Un esempio di model collapse semplice che spiega il fenomeno

Per rendere più chiaro il concetto di model collapse immaginiamo che un modello di IA allenato per generare diverse immagini di gatti riesca a partire da descrizioni testuali e restituisca in prima istanza risultati molto realistici e convincenti. Tuttavia, se il modello non viene più esposto a nuove immagini o dati sui gatti, potrebbe iniziare a ripetere gli stessi risultati senza aggiungere nuove caratteristiche, indipendentemente dalla descrizione fornita.

In sostanza, se il sistema di IA, come avviene in questo caso, non è costantemente alimentato con nuove informazioni non riesce a catturare la ricchezza e la varietà dei dati, diventando inefficace e perdendo la sua capacità di apprendere. Di conseguenza, il modello di IA collassa su se stesso e la sua utilità diminuisce drasticamente.

Per mitigare i rischi dell’Intelligenza Artificiale connessi al model collapse, si possono adottare varie strategie durante l’addestramento del modello, come ad esempio l’uso delle cosiddette tecniche di regolarizzazione, che semplificano il processo di apprendimento automatico, o ancora la modifica della complessità del modello o l’implementazione di meccanismi di controllo della diversità nella generazione dell’output.

Il processo di apprendimento, il crollo e i rischi

Per meglio comprendere che cos’è il model collapse bisogna innanzitutto sapere come vengono addestrati i Machine Learning models, ossia i modelli di IA basati sull’apprendimento automatico.

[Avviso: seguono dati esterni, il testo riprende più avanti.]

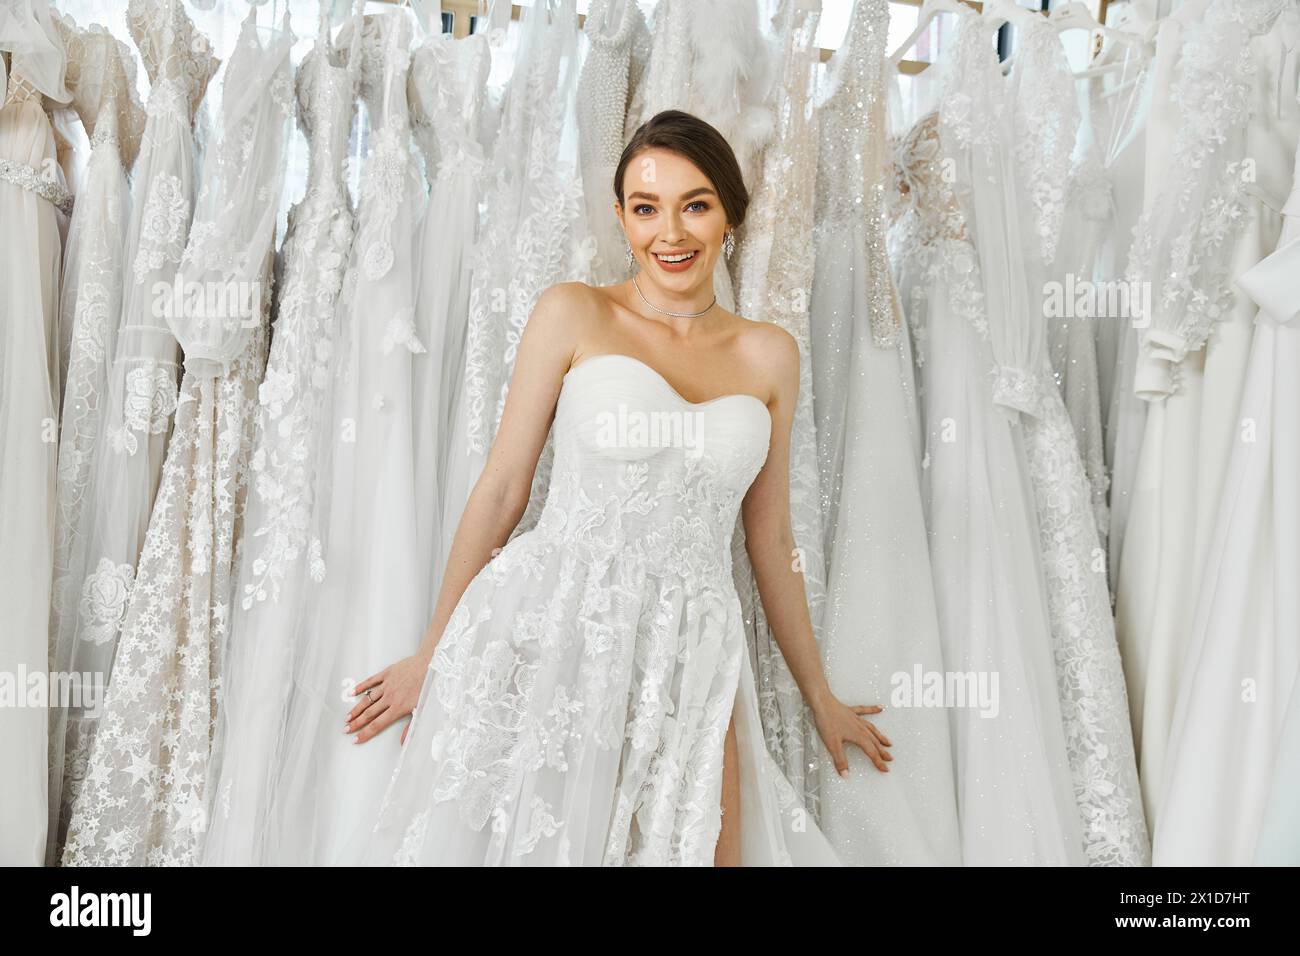 A young brunette bride stands surrounded by a rack of dresses in a wedding salon, looking for her perfect gown. Stock Photo

Le IA vengono addestrate utilizzando un volume di dati davvero enorme– comunemente chiamati training data (dati di addestramento) – dai quali identificano patterns e relazioni per apprendere come rispondere a determinati input che potrebbero richiedere specifiche azioni.

Ma cosa succede quando i dati di addestramento sono in gran parte o esclusivamente sintetici, ossia generati dagli stessi modelli di IA? L’idea di utilizzare i dati generati dalle IA per addestrare altre IA sembra paradossale, tuttavia è una pratica sempre più comune in molti ambiti poiché non sempre è possibile raccogliere dati “reali” in quantità sufficiente. Presenta, inoltre, diversi vantaggi, come la riduzione dei costi e dei tempi di raccolta e analisi delle informazioni, ma può anche portare a risultati poco affidabili che possono essere ripetitivi e poco rappresentativi della realtà.

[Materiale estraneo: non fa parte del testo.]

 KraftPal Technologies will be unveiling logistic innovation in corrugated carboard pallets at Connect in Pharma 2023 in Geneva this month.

Nel mondo dell’apprendimento automatico, l’effetto del processo di apprendimento basato su dati sintetici è proprio il model collapse, un fenomeno che si verifica quando un modello addestrato su dati sintetici inizia a generare risultati sempre meno diversificati e più ripetitivi. L’IA diventa così una sorta di “copia” di se stessa, incapace di apprendere nuove informazioni e con una bassa capacità di adattarsi a situazioni nuove e generare risposte coerenti.

Nella migliore delle ipotesi, il risultato può essere una scarsa qualità dell’output, poco accurato e per nulla affidabile, mentre nella peggiore delle ipotesi ciò che può restituire un modello di IA in stato di collapse sono informazioni errate, insensate, inappropriate o addirittura pericolose. Se non si attuano misure per prevenire il model collapse, quindi, l’IA rischia di diventare improduttiva e contraddittoria.

Il model collapse evidenzia l’importanza della componente umana

In un articolo pubblicato su Medium lo scorso giugno, il giornalista canadese freelance, esperto di scienza e tecnologia Clive Thompson, che collabora anche con NYT Magazine e Wired, sottolinea che il model collpase mette in luce l’importanza della componente umana nell’addestramento dell’IA.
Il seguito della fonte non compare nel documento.